В то же время в этот период он исподволь подготавливается к убежденности совсем другого типа, которое для университета чрезвычайно характерно, а именно убежденности в том, что знание может быть призвано восполнить нехватку, что оно, другими словами, должно исцелять общественную немощь, препятствующую движению субъекта к своему удовлетворению. Знание в этом смысле выступает средством спасения, и Лакана буквально интересует вопрос, как могло возникнуть подобное обращение со знанием и почему оно выступает таким образом в роли затычки, соски-пустышки.
В этом отношении Лакану удается шагнуть дальше, нежели социально-критическим теориям, так или иначе носящим мягкий конспирологический характер. Эти теории, ставшие сегодня общераспространенными, сообщают нам, что движение знания всегда регулируется правящим классом, что оно идеологично и что существует определенная политика воспитания субъекта не только на уровне знания как факта интеллектуального, но и на уровне регуляций потребностей и обязанностей тела – это называется биополитикой.
Лакан с самого начала ставит вопрос в более проницательной форме: вся наблюдаемая нами сегодня регулировка знания до мельчайших подробностей возникнет не раньше, чем у знания появится не просто хозяин – неважно, субъект или класс, – не просто тот, кто наложит на него лапу, а тот, кто им соблазнен изначально.
Это позволяет придать верный поворот тем размышлениям, которые в окололакановской среде адресуются т. н. фигуре якобы знающего. Не секрет, что именно здесь часто происходит сближение психоанализа с типичной марксистской озабоченностью, вследствие чего предполагается, что психоаналитика должно волновать то, что волнует политического критика слева – например, господство современных информационных технологий, оказывающих на субъекта влияние, или неравномерное распределение доступа к культурным данностям. Разумеется, аналитик к этим вопросам не глух, но он априори не может смотреть на связанные с ним вещи как левак – прежде всего потому, что подобная критика предполагает фигуру, облеченную знанием как высшим достоинством. Именно так, в том числе в психоаналитических кругах, недостаточно уловивших мысль Лакана, на нее зачастую и смотрят, заранее выражая неодобрение по поводу ее высокомерия.

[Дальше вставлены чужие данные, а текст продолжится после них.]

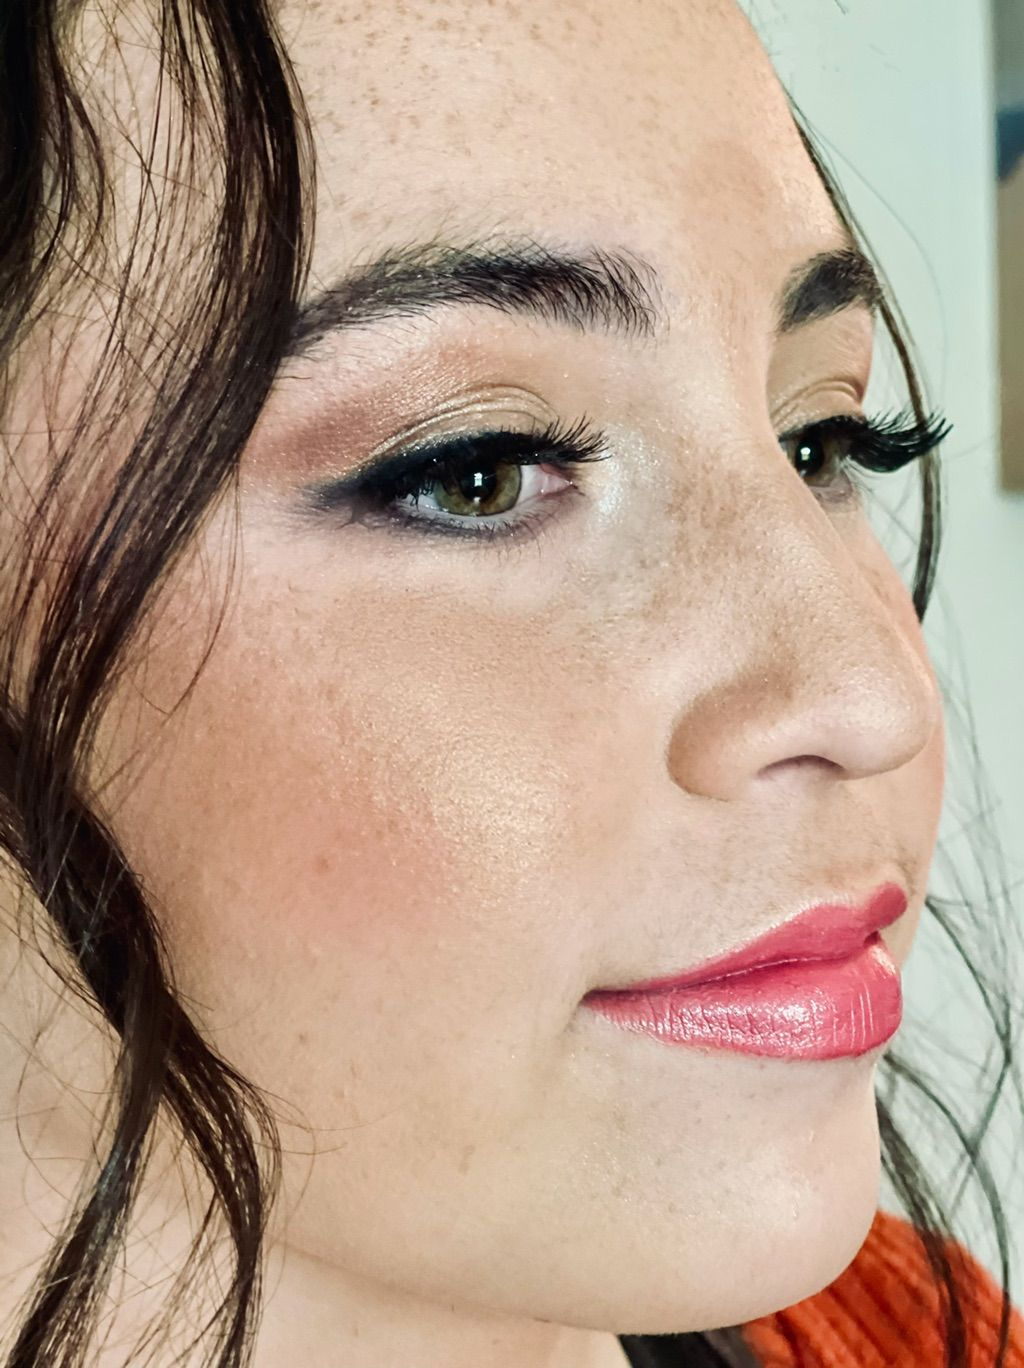 Makeup Artistry by Sharikbeauty

Другими словами, в этой трактовке субъект якобы знающий оказывается пленен не знанием как таковым, а занимаемым им самим положением знающего, а это вовсе не одно и то же. Напротив, лакановский анализ делает акцент на совершенно ином: то, что в субъекте якобы знающем важно – это то, что знанием он может быть совращен, что в определенный момент он собрался с ним согрешить и с большой степенью вероятности осуществил свое желание.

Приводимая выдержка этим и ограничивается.